By the time their twelfth birthday rolls around, that synchronicity is broken. Sam feels like time has ripped his brother away from him. Over the course of a handful of months, Dean grows enough that he _looks_ older, like they're separated by years instead of a few scant minutes. People start looking at them differently. Every time a waitress smiles at Dean but pinches Sam's cheek, every time a girl tries to catch Dean's eye and calls Sam his "kid brother", it's like needles are being jabbed under Sam's skin. Sam figures that in reality, there's no more than four inches separating them, but those four inches are enough to change _everything_. Dean looks, acts, like a teenager, and Sam still looks like a fucking _kid_. 

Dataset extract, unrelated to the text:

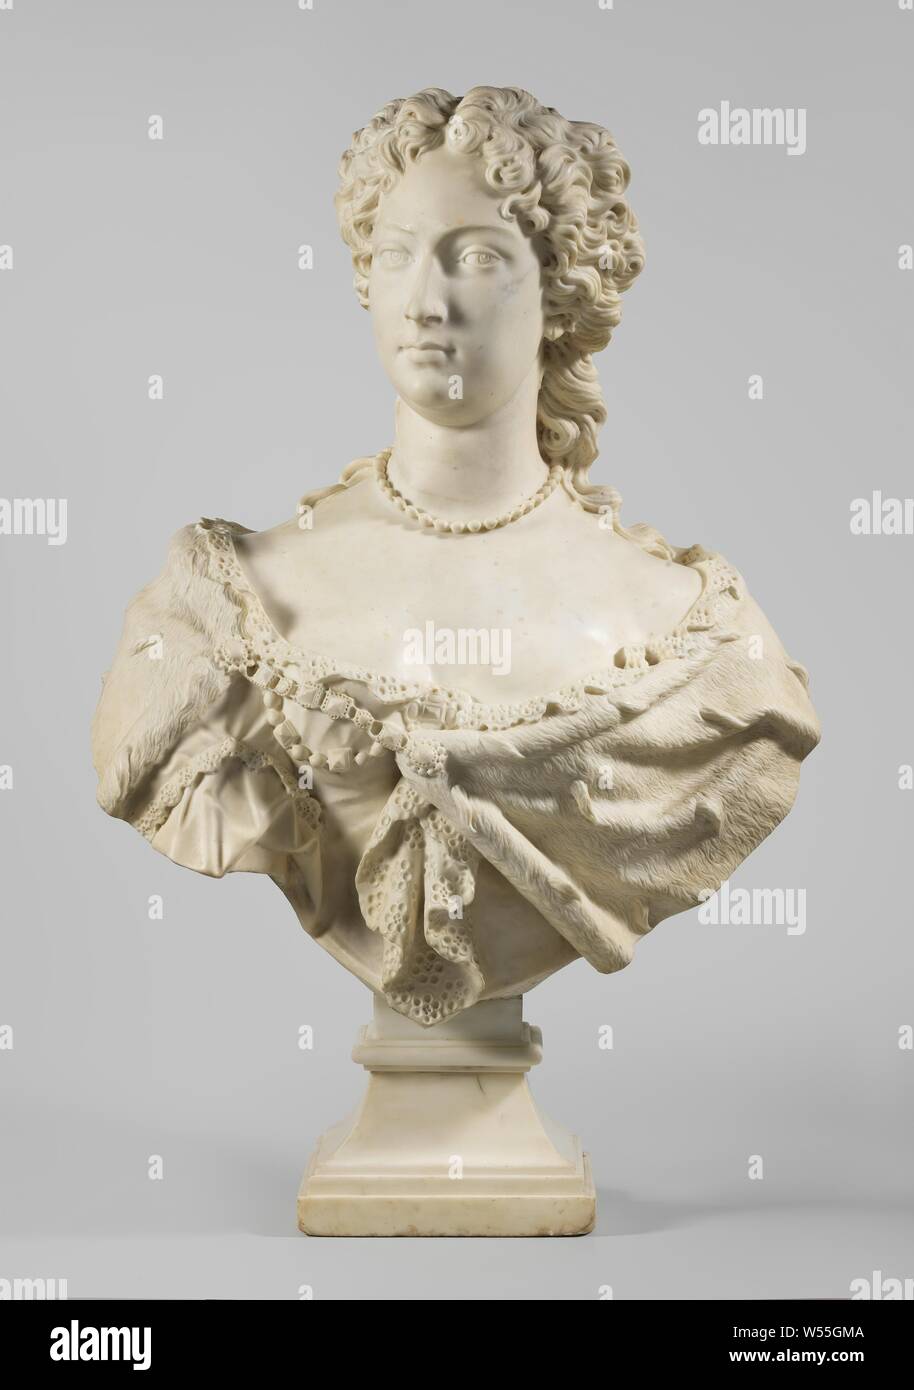 Busto di Maria II Stuart, regina d'Inghilterra (1662-1694), moglie di Re Stadholder Guglielmo III, leggermente lateralmente a mezza lunghezza busto in marmo bianco su un quadrato, profilata, originale a piedi. La persona raffigurata è vestito con l'ermellino manto della sua royal stato, sopra un vestito con un pizzo. Il mantello è tenuto insieme da una fibbia / set cinghia con taglio gemme. Indossa una collana di perle stretto intorno al suo collo. Il capello è legata all'indietro in un elegante bun., John Michael Rysbrack, Londra, c. 1735 - c. 1740, marmo (rock), h 84 cm Foto Stock

It's not even like Dean's gotten the bad parts of being a teenager, either. His skin is completely clear except for a golden spray of freckles. He's filling out, getting broad, and Sam's still so skinny he looks more closely related to a beanpole than to his twin, let alone their ox of a father. 

If it weren't for the steady, comforting thump of Dean's heart beating next to his own, Sam would probably be going crazy. More crazy. 

Dean doesn't mean to do it, Sam knows. But there's a hungry place inside of Dean that even Sam hasn't been able to fill, and some part of him revels in the solitary attention. He's the perfect image of glowing, vital health, and even at his most lonely Sam can't think of that as a bad thing. 

When Sam has his first vision, waiting for his brother to finish making doe eyes at their waitress, alone, he considers the idea that maybe Dean's earlier "development" is a good thing. The sight of their father, staggering into the side of the Impala as he holds one blood-covered hand over his stomach, sends Sam to the nearest patch of bushes for a less-than-pleasant re-acquaintance with his dinner. Dean strolls out of the diner shortly after, grinning his 'got a girl's phone number' grin, 

Dean freaks out when he sees Sam bent over a puddle of vomit, and frantically ushers Sam back to their motel. When Sam can offer no explanation for his illness (because how do you tell your brother you're going _crazy_ ), Dean calls Uncle Bobby in a panic just in time for John to stumble through the door and fall to his knees, hands clamped to his abdomen as what looks suspicious like his intestines try to push their way out from the inside. 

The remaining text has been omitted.